Seit Langem tritt DIE LINKE daher für die länderweise Offenlegung von Unternehmensdaten ein ("country-by-country-reporting"). Auf diese Weise wird ersichtlich, welche wirtschaftlichen Aktivitäten, Gewinne und Steuern in einem jedem Land vorliegen, in dem das Unternehmen tätig ist. Damit können die Behörden und die Parlamente Steuertricks und Schlupflöchern leichter auf die Schliche kommen und auch die Öffentlichkeit erfährt, welcher Konzern zwar richtig Kasse macht, gleichzeitig aber alles Mögliche unternimmt, um der Gesellschaft möglichst wenig davon abgeben zu müssen.

Entsprechende Offenlegungspflichten wurden vor einigen Jahren auf europäischer Ebene bereits in begrenztem Umfang für Banken und Rohstoffkonzerne eingeführt und seit Längerem auch für andere multinationale Großunternehmen verhandelt. Die Bundesregierung und speziell das Wirtschaftsministerium haben sich dabei mit falscher Rücksichtnahme auf deutsche Exportunternehmen immer wieder als Bremser erwiesen. Da bei Rechnungslegungsstandards aber auf EU-Ebene keine Einstimmigkeit erforderlich ist, konnte schließlich trotz der Enthaltung Deutschlands eine Ratsposition beschlossen werden und der Trilog zwischen Europäischem Parlament, Rat und Kommission begonnen werden.

Gestern kam es zu einer vorläufigen Einigung im Trilog. Was ein Durchbruch in der internationalen Unternehmensbesteuerung hätte werden können, ist leider nur ein schlechter Kompromiss. Dem Kompromiss fehlen aus mehreren Gründen die Zähne:

  • DIE LINKE hatte – wie auch das Europäische Parlament – eine Offenlegung für jedes einzelne Land gefordert. Tatsächlich gibt es nun aber einen geografisch sehr eingeschränkten Geltungsbereich: Die Unternehmen sollen ihre Daten nur für die EU-Staaten ausweisen müssen sowie für die Länder auf der Schwarzen und der Grauen Liste der EU zu Steueroasen.
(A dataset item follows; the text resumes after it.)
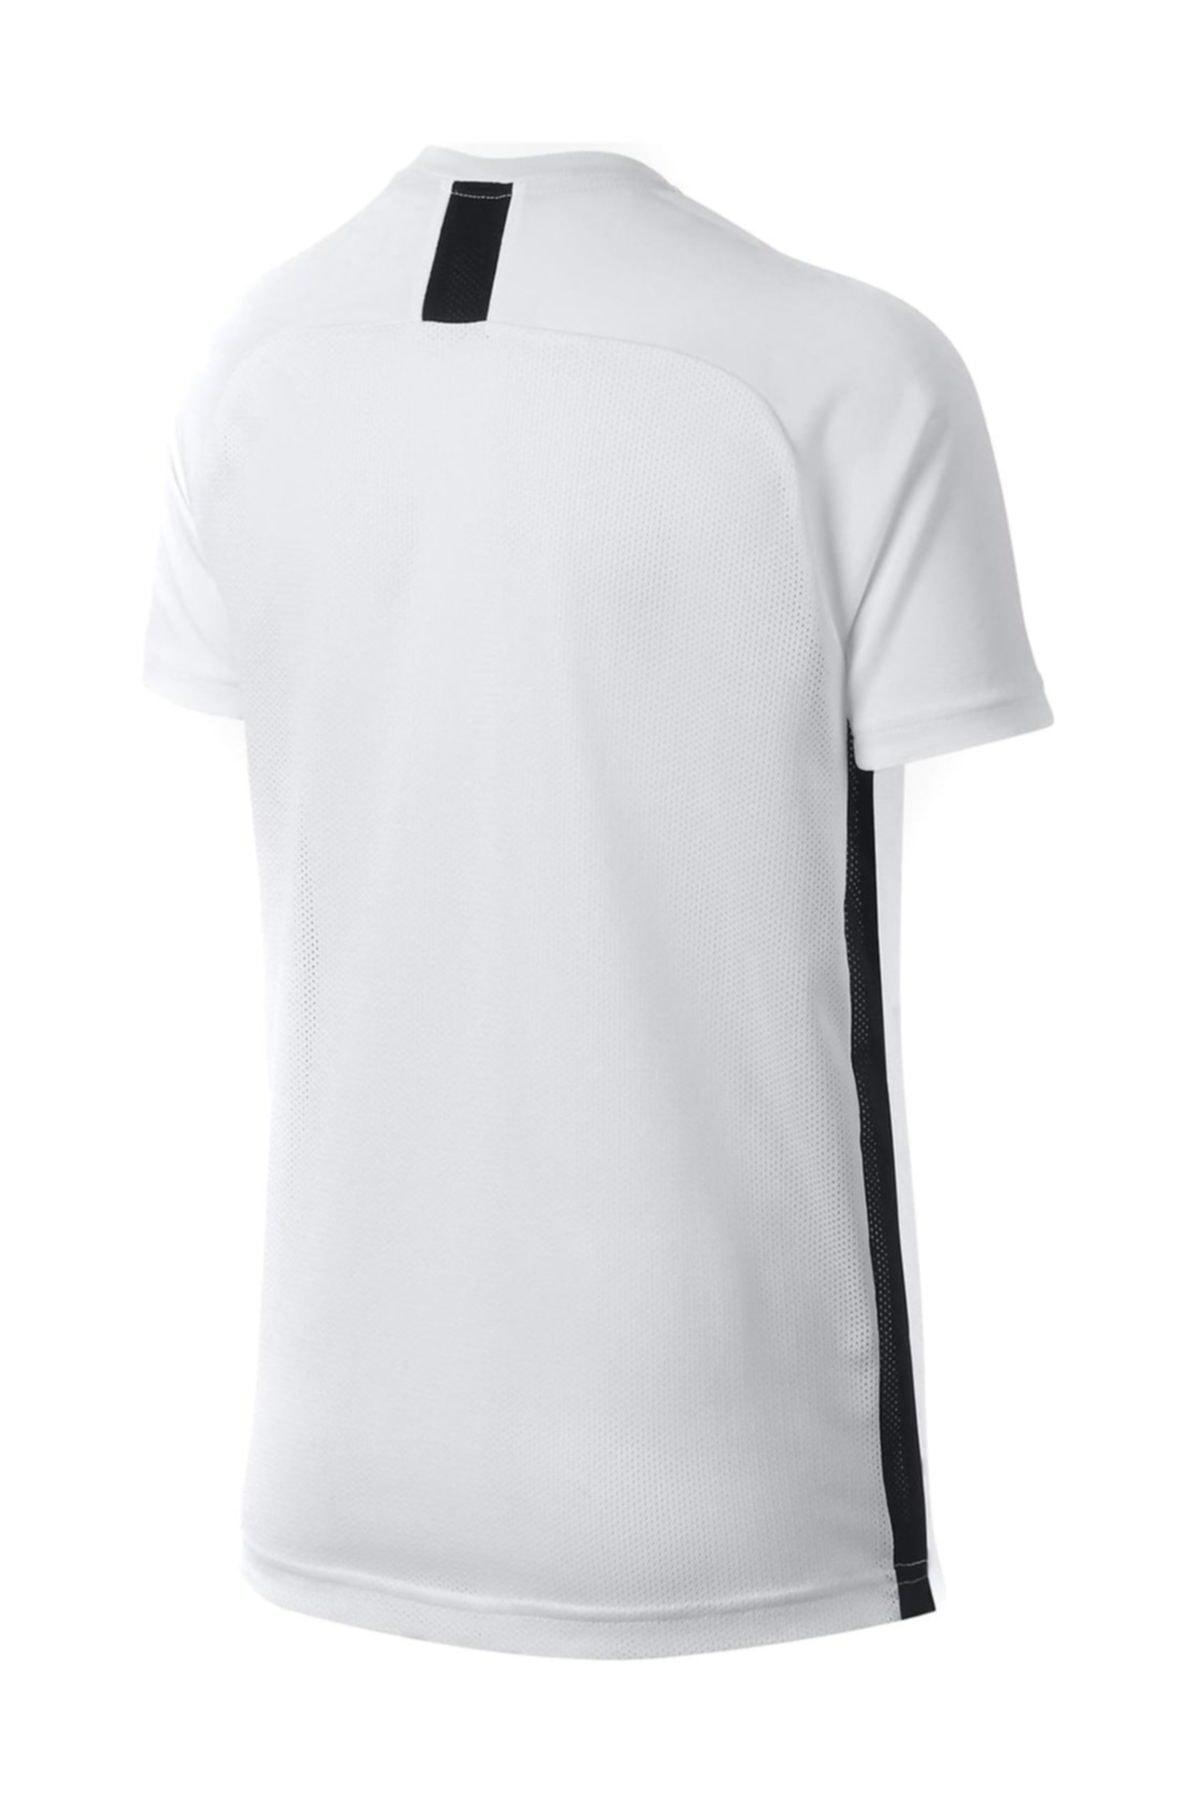 Nike Kids Beyaz Unisex Çocuk T-Shirt B Nk Dry Acdmy Top Ss 2

Die Unternehmensdaten zu allen anderen Staaten müssen nicht oder nur aggregiert offengelegt werden. Die Schwarze und die Graue Liste der EU sind jedoch so eng gefasst, dass wichtige Steueroasen wie die Bahamas, die Schweiz, Singapur oder die Kaimaninseln auf ihnen fehlen. Insgesamt sind weltweit 80 Prozent der Staaten von der länderspezifischen Berichtspflicht ausgenommen. Immerhin fallen EU-Steueroasen wie die Niederlande und Luxemburg zukünftig darunter.
  • Des Weiteren können Unternehmen mit Verweis auf Geschäftsgeheimnisse die Berichte um bis zu fünf Jahre zurückhalten. Entsprechende Gründe lassen sich schnell finden. Informationen zu Staaten, die auf den beiden Steueroasenlisten stehen, dürfen zwar nicht zurückgehalten werden. Diese Regelung ist aber relativ nutzlos, da diese Listen aktuell zu kurz und mehr als fragwürdig sind.
  • Schließlich soll die Meldepflicht nur für Unternehmen mit einem Jahresumsatz ab 750 Millionen Euro gelten. Dies schließt etwa 85 bis 90 Prozent der multinationalen Unternehmen aus.
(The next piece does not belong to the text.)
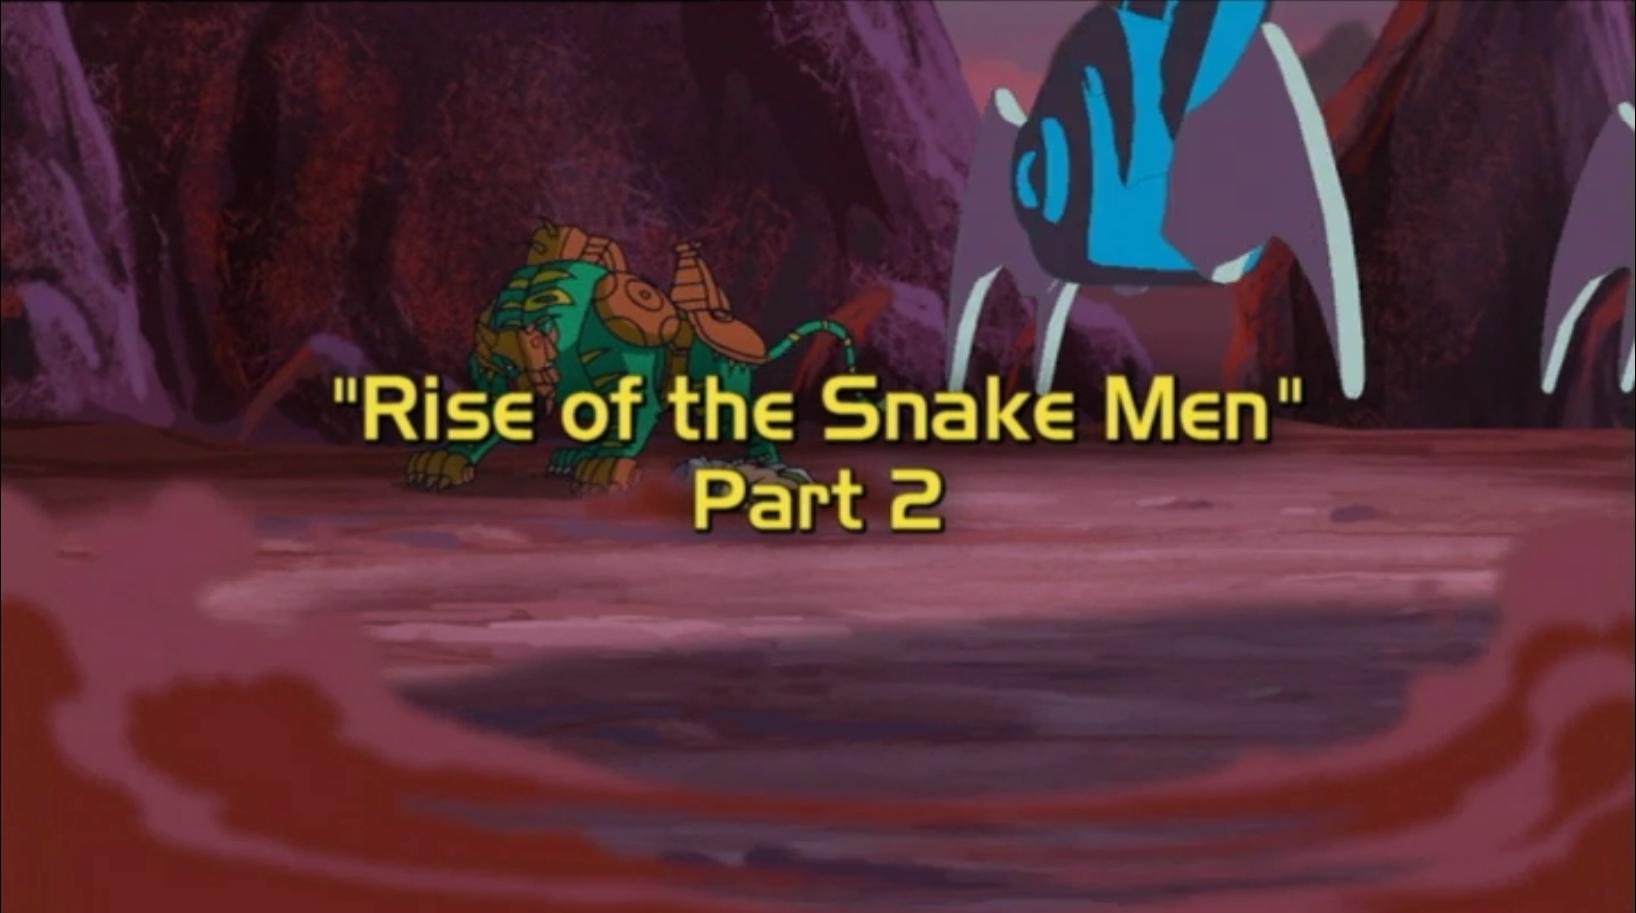 Rise of the Snake Men, Part 2

Der Deal ist für die Staaten der EU daher ein schlechter Deal. Für Entwicklungsländer ist er eine Katastrophe. Mit ihren schwachen Verwaltungen wäre ein umfassendes Reporting ganz wichtig dafür gewesen, dass sie die vor Ort tätigen Konzerne effektiv besteuern können. Sie gehen nun leer aus – ein weiterer Sieg von Konzerninteressen über eine solidarische Weltwirtschaft.